Problem to work on:
Copy the lines below, please, starting with the one that contains "- Belt loops." and ending with the last. Pictures stay out.

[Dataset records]
= = = =

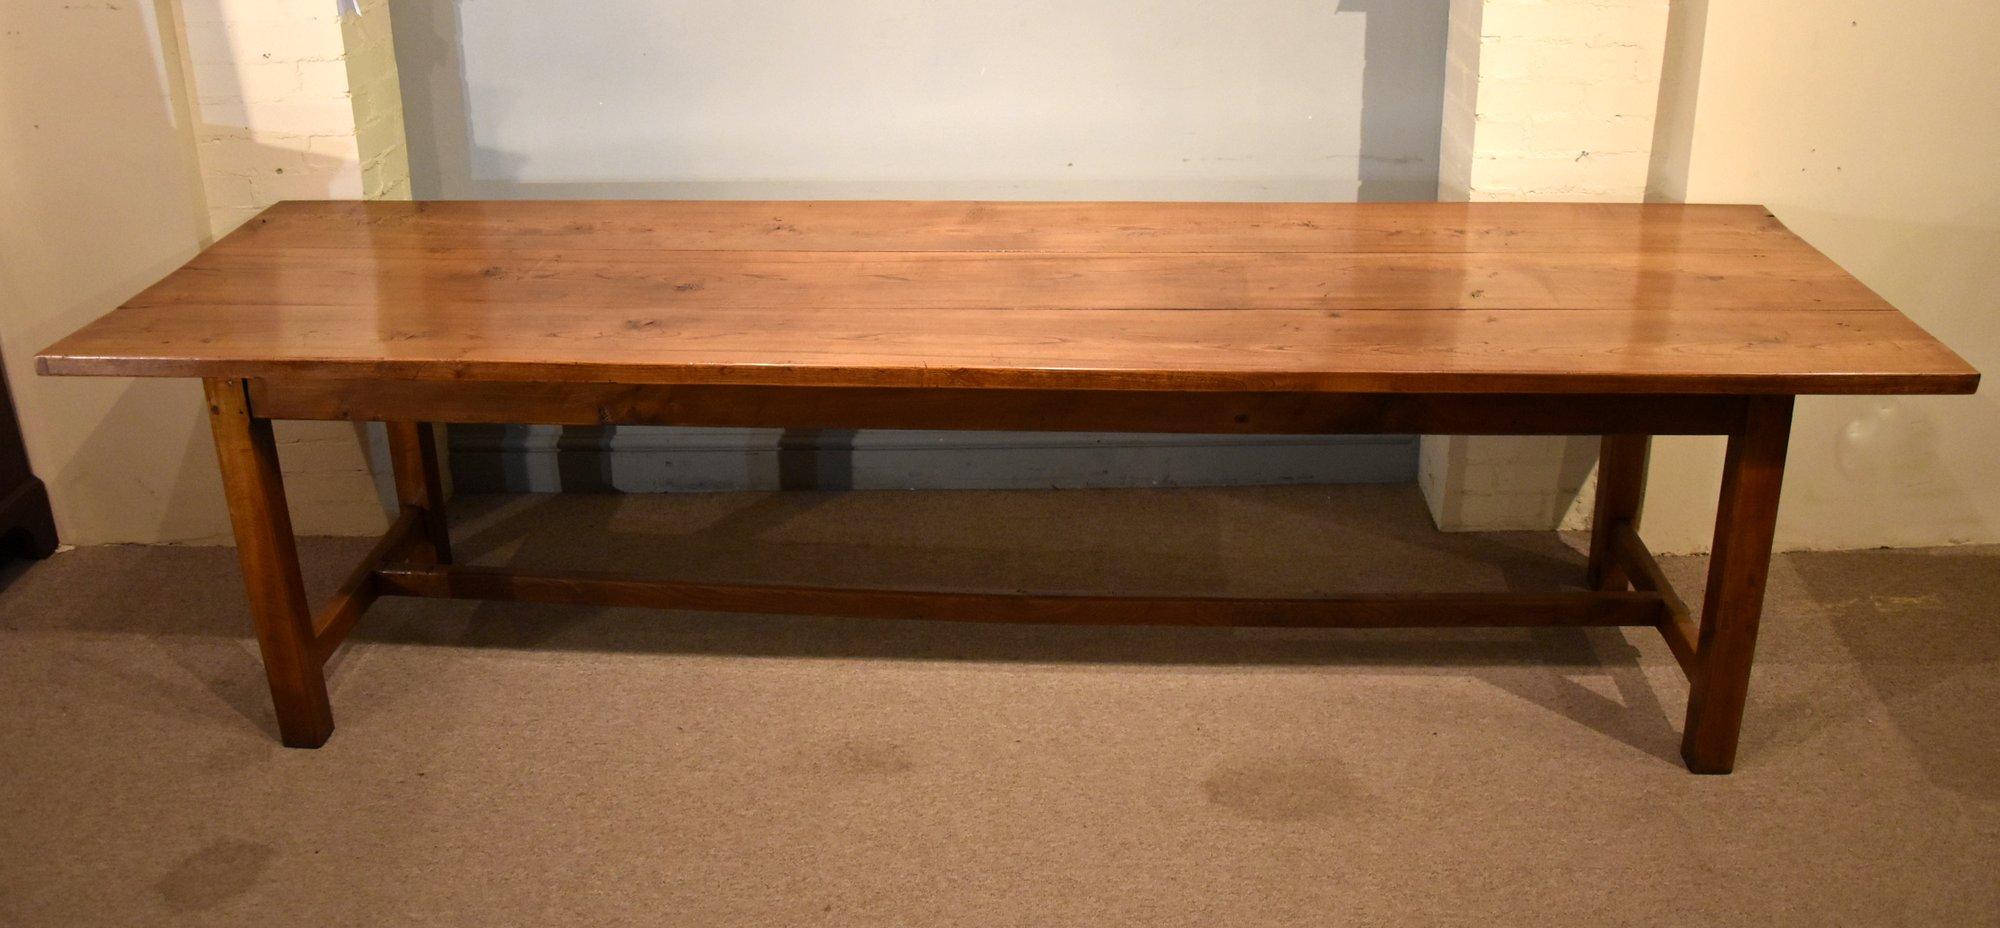 This beautiful and very sturdy 19th century French elm farmhouse table of large proportions boasts excellent golden colour and good patina. Its three plank and purely solid elm construction makes this a rare find. It has been restored by one of
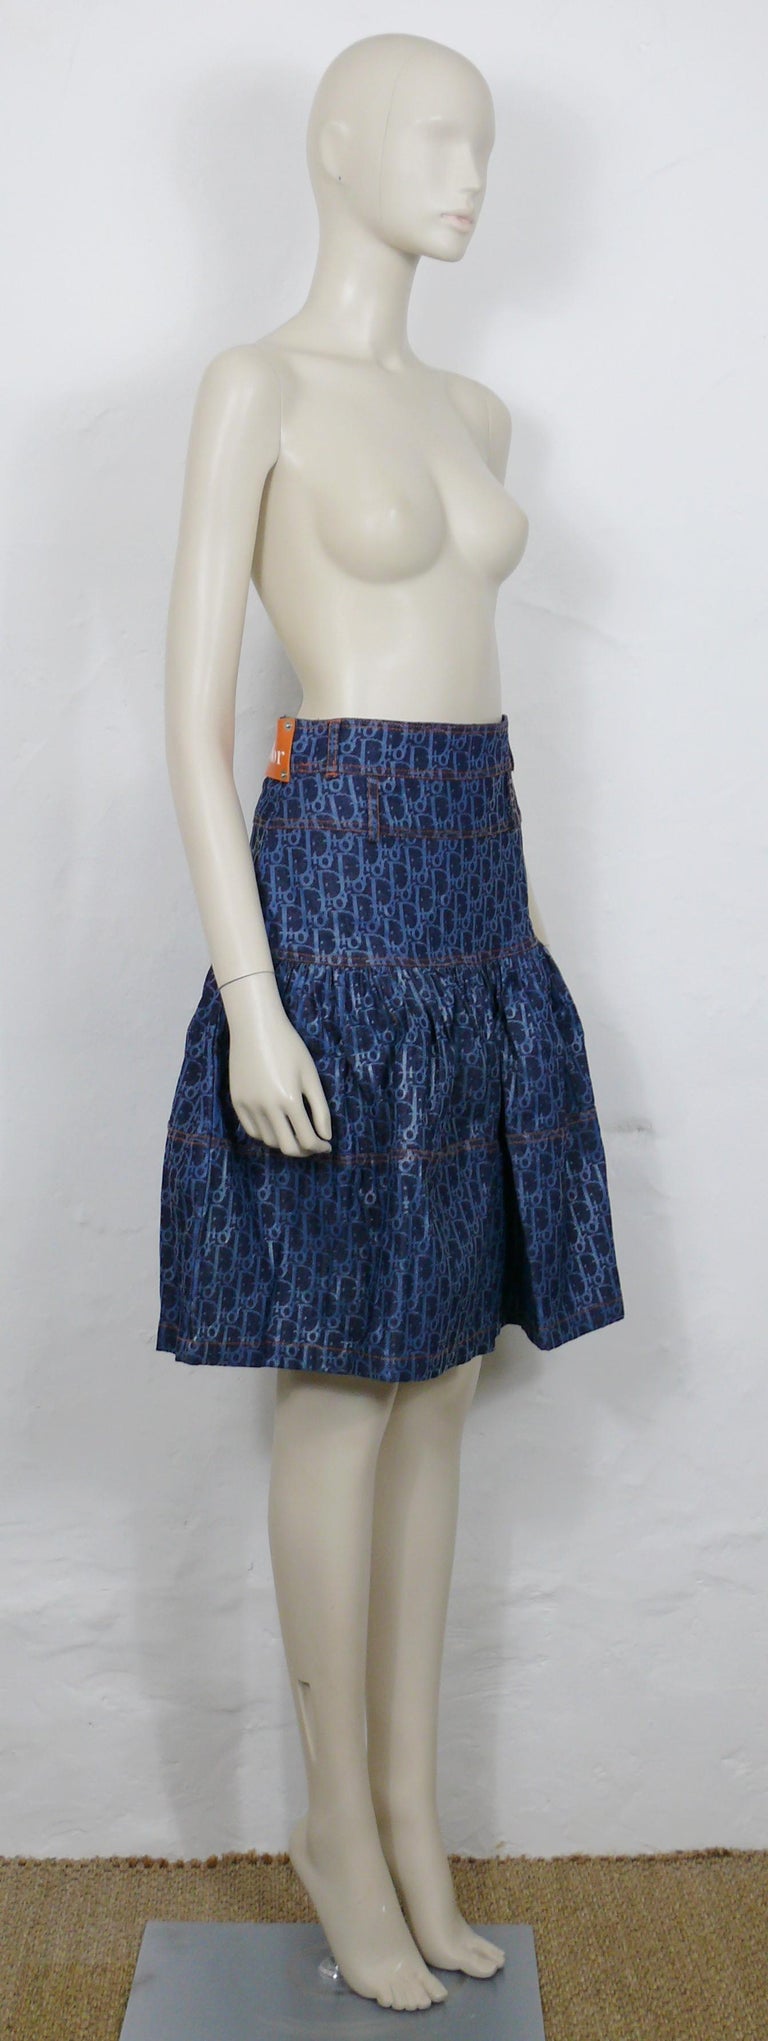 CHRISTIAN DIOR by JOHN GALLIANO vintage blue trotter monogram denim skater skirt.

This skirt features :
- Blue denim featuring the iconic DIOR monogram trotter print in shiny blue shade.
- Skater shape.
- Orange stitching.
- Belt loops.
- Back
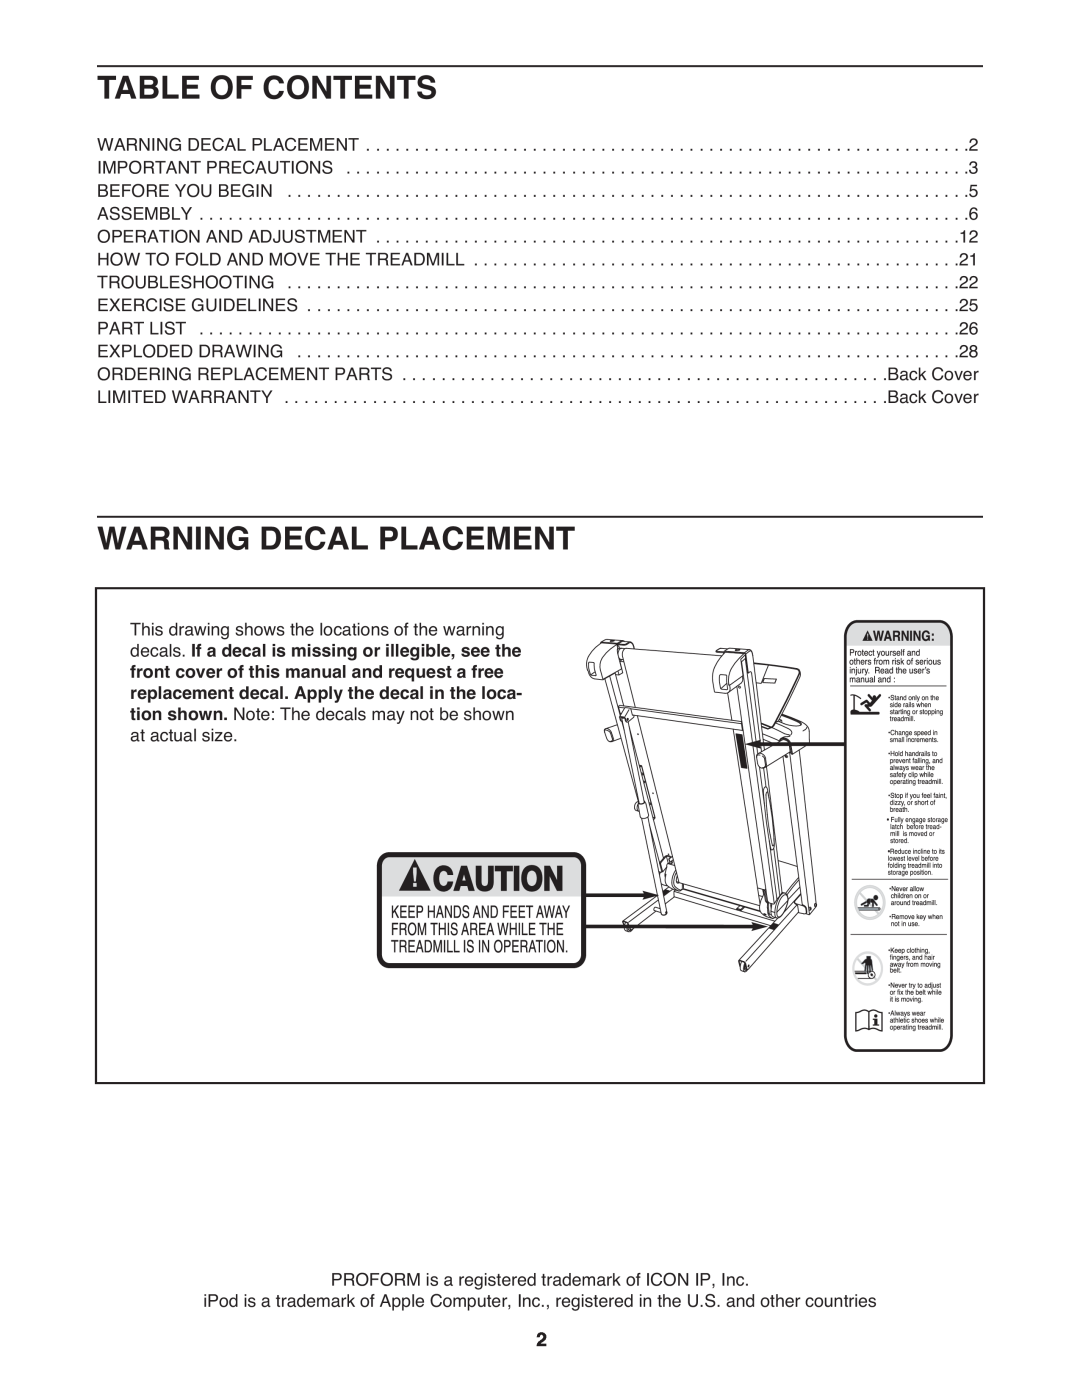 ProForm PFTL06009.0 user manual Table Of Contents, Warning Decal Placement

= = = =

Task solution:
- Belt loops.
- Back
 ProForm PFTL06009.0 user manual Table Of Contents, Warning Decal Placement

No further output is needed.